BEGIN Stored data
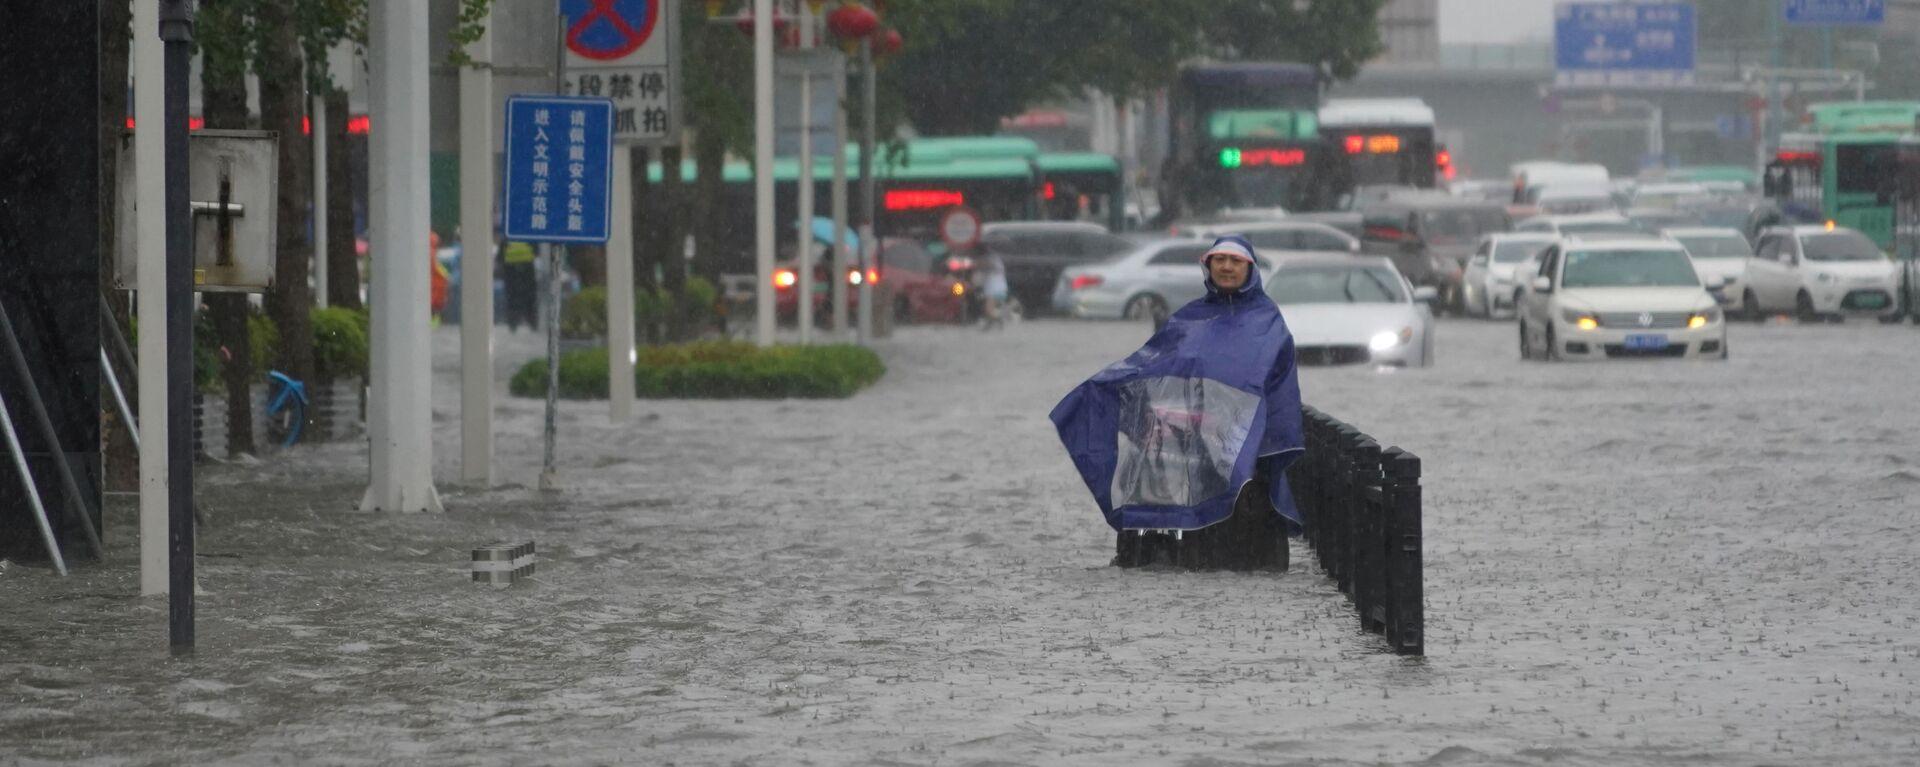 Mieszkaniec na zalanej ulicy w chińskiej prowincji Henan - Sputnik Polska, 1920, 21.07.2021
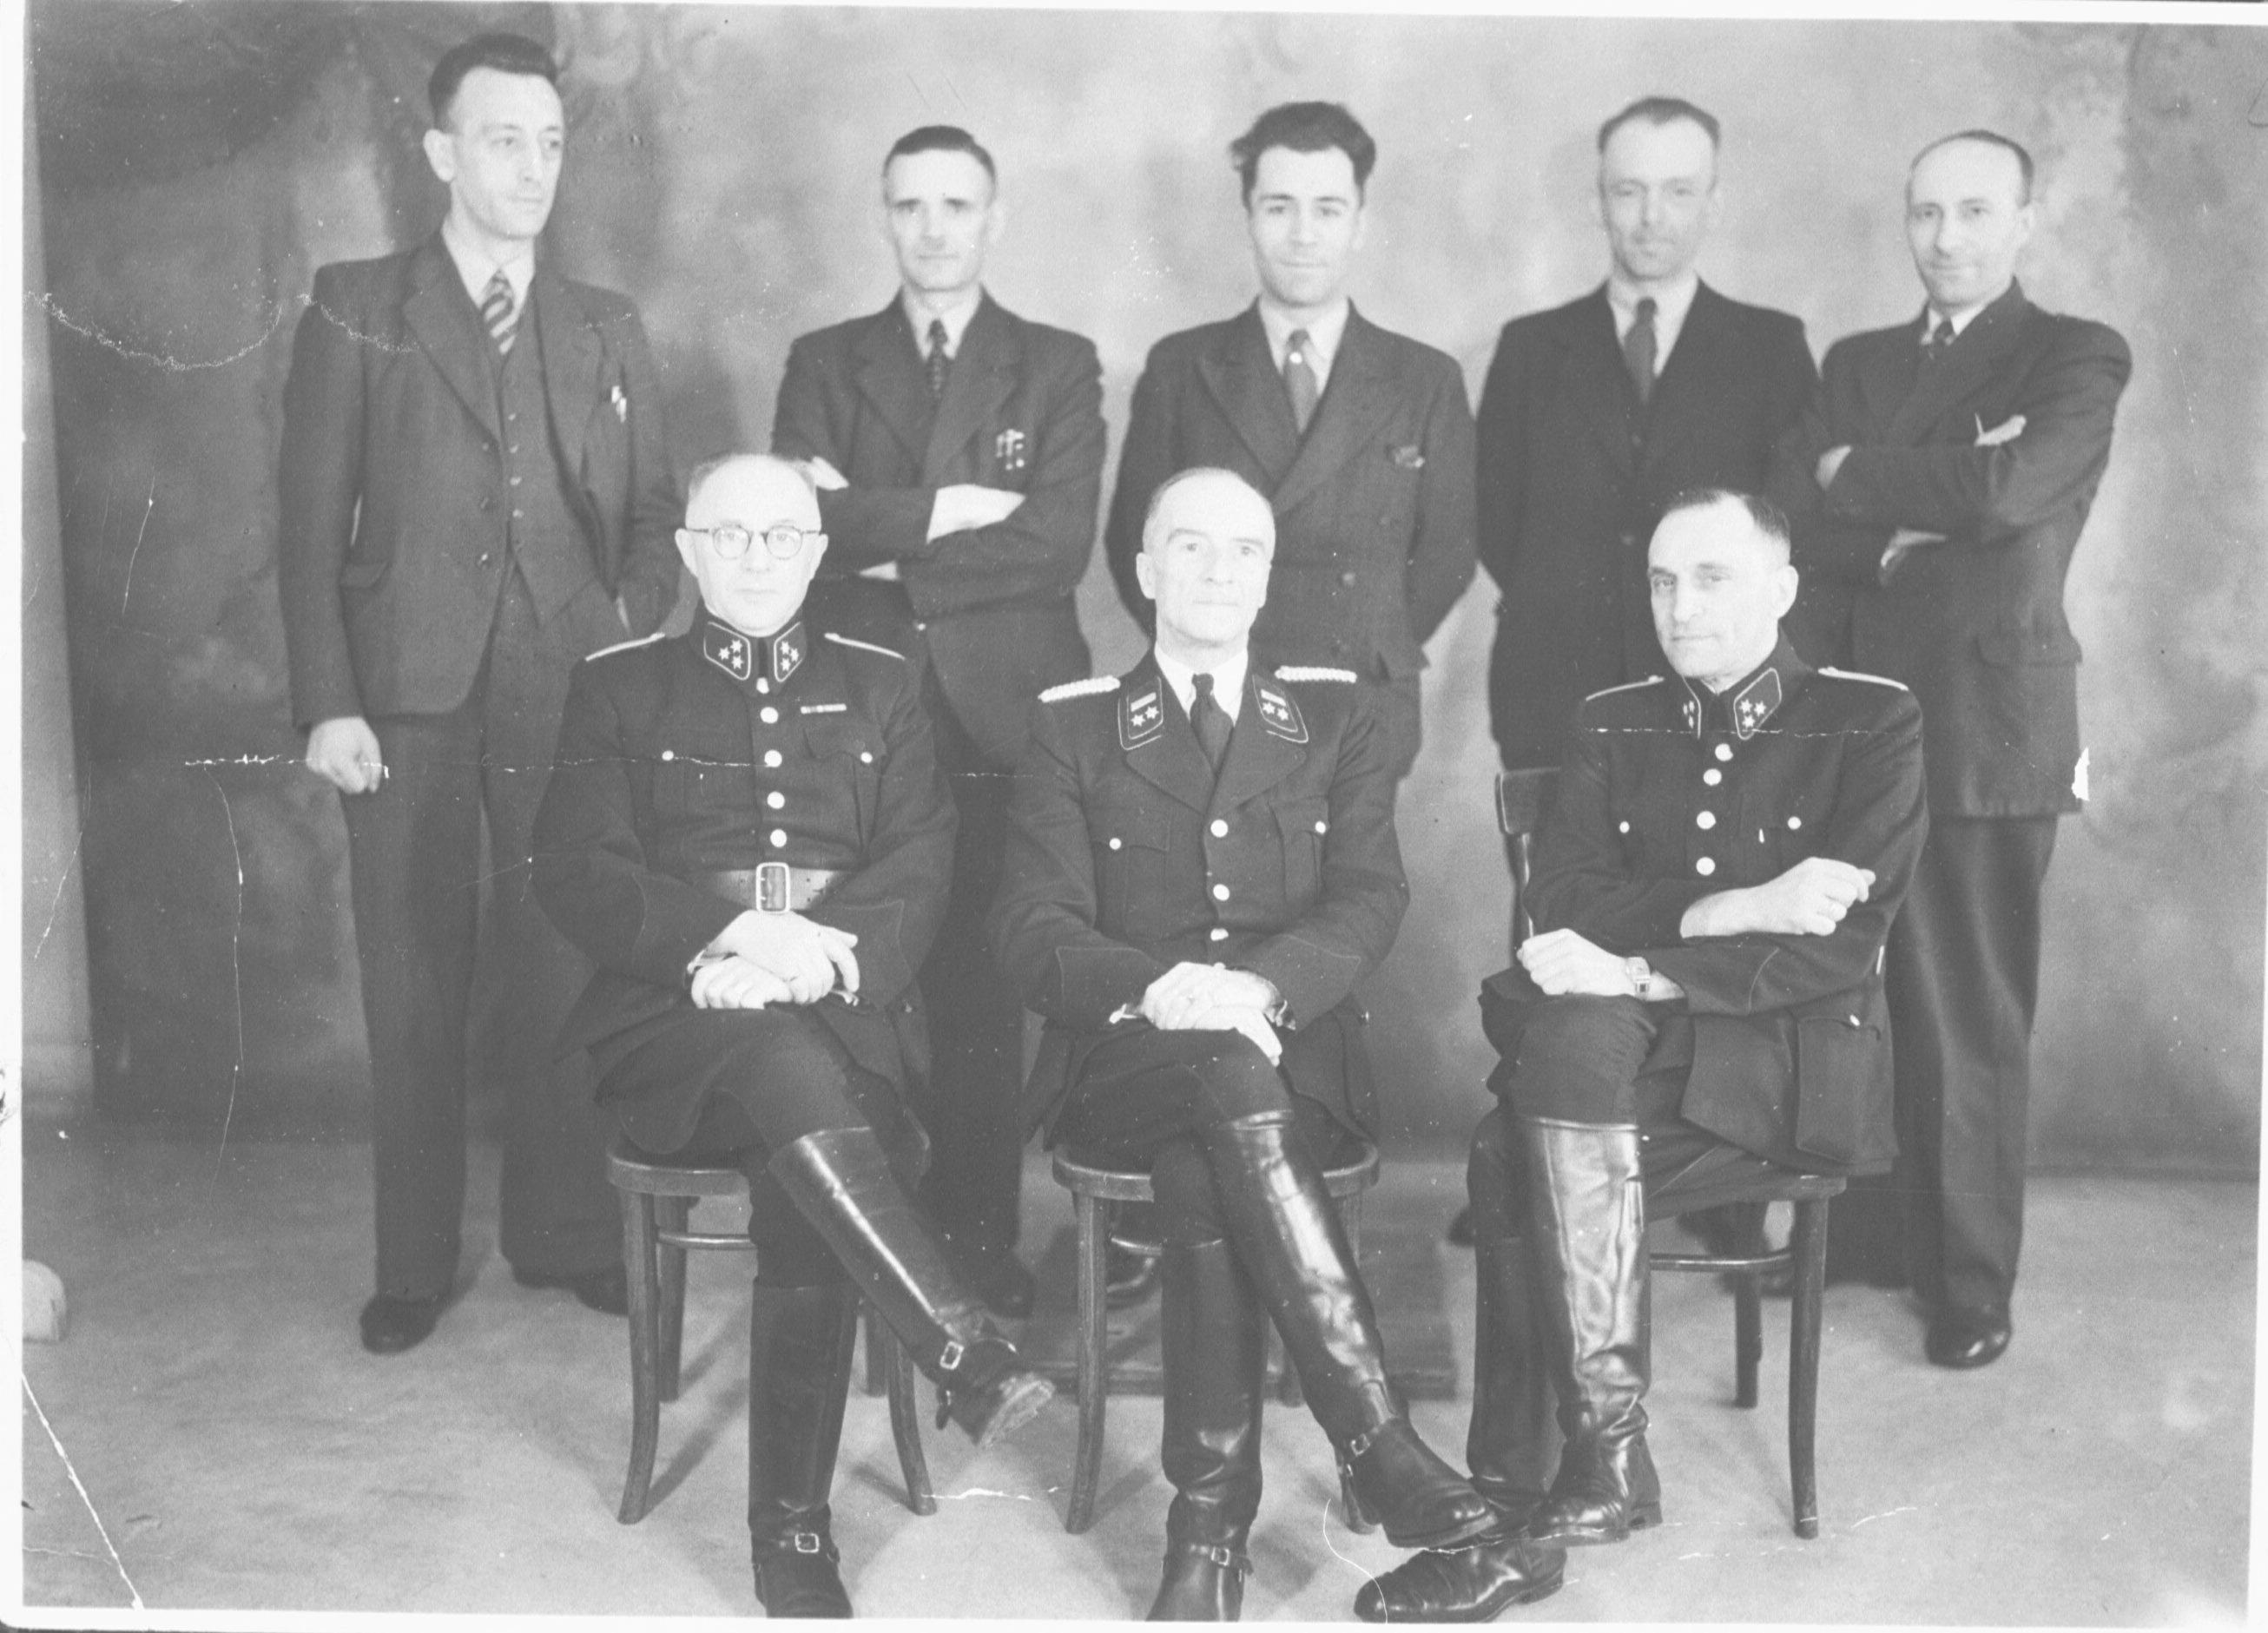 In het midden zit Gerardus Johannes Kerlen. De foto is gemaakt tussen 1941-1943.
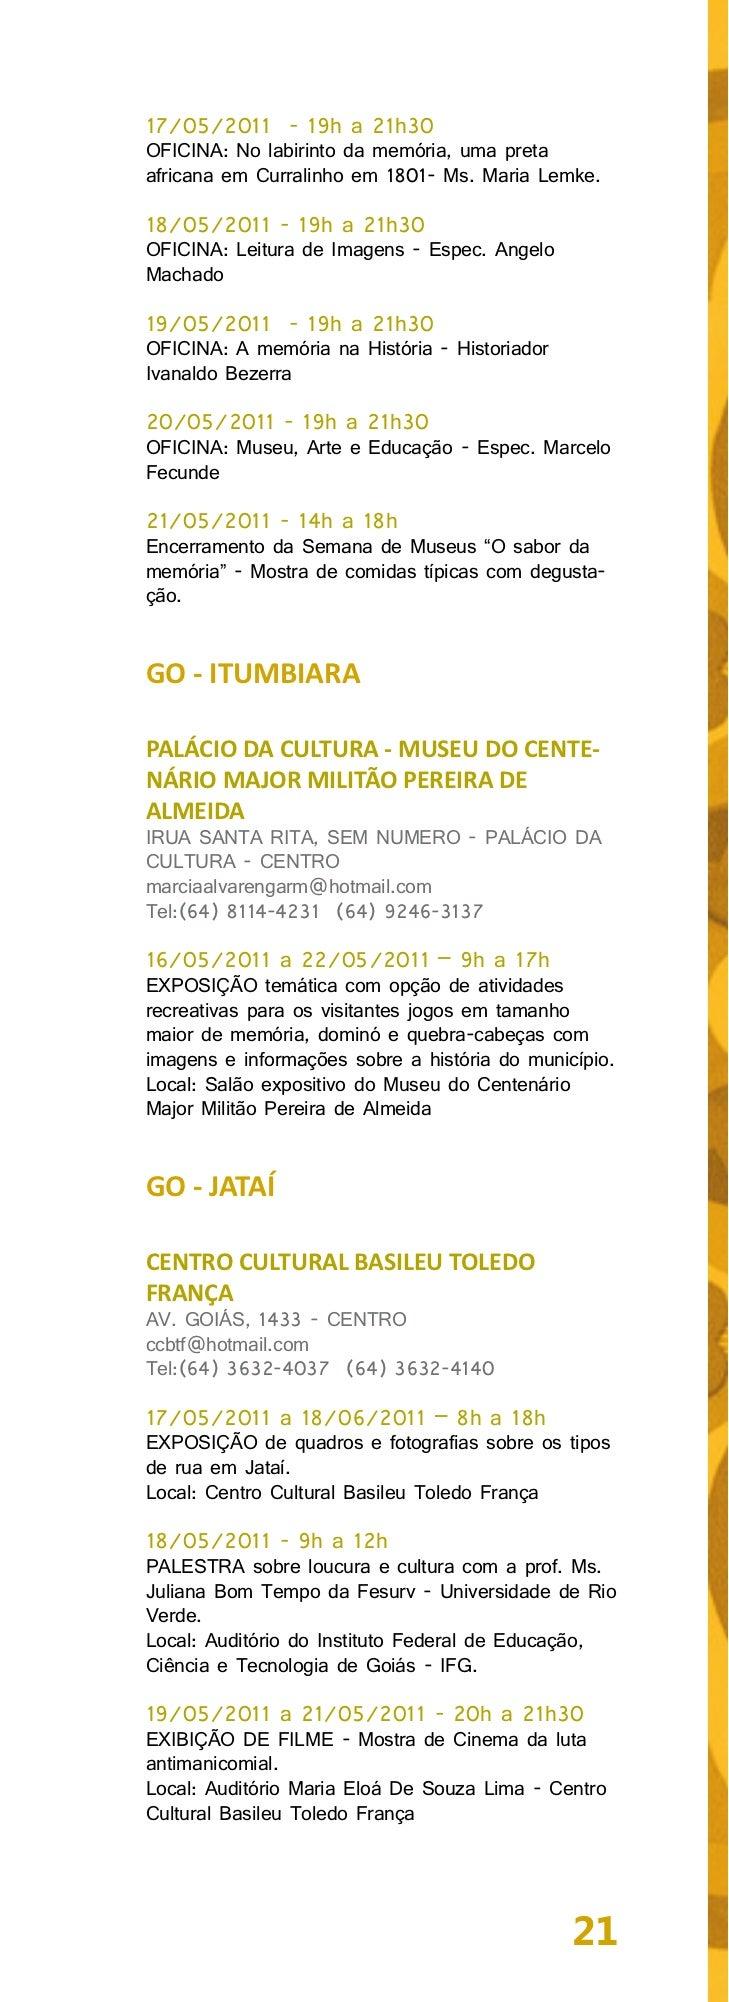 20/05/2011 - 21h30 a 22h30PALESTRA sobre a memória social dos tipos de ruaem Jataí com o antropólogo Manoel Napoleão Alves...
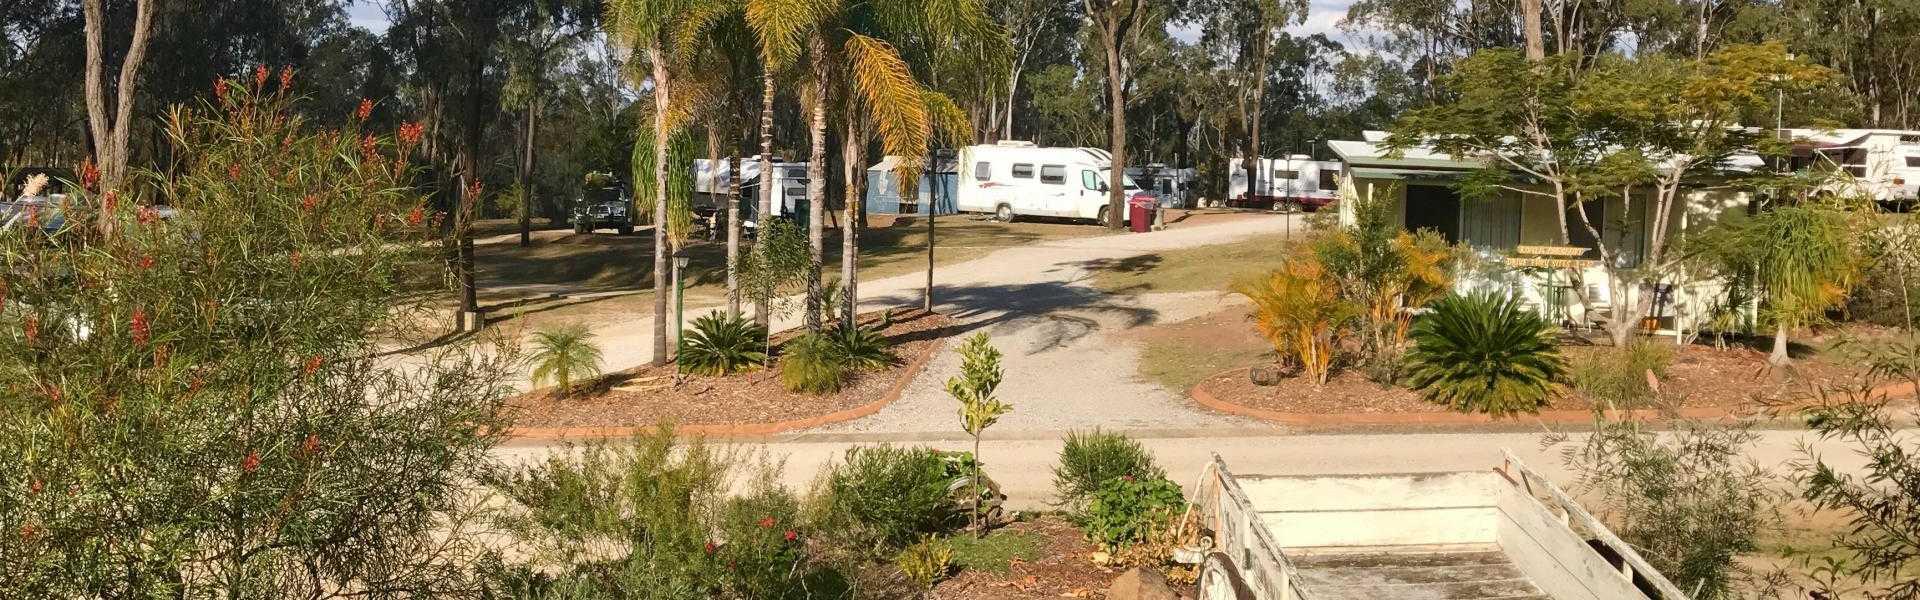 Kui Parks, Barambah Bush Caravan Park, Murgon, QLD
END Stored data
### Your instructions
I would like the data above transcribed exactly, with its pictures left out.

### Reply to the task
 Mieszkaniec na zalanej ulicy w chińskiej prowincji Henan - Sputnik Polska, 1920, 21.07.2021
 In het midden zit Gerardus Johannes Kerlen. De foto is gemaakt tussen 1941-1943.
 20/05/2011 - 21h30 a 22h30PALESTRA sobre a memória social dos tipos de ruaem Jataí com o antropólogo Manoel Napoleão Alves...
 Kui Parks, Barambah Bush Caravan Park, Murgon, QLD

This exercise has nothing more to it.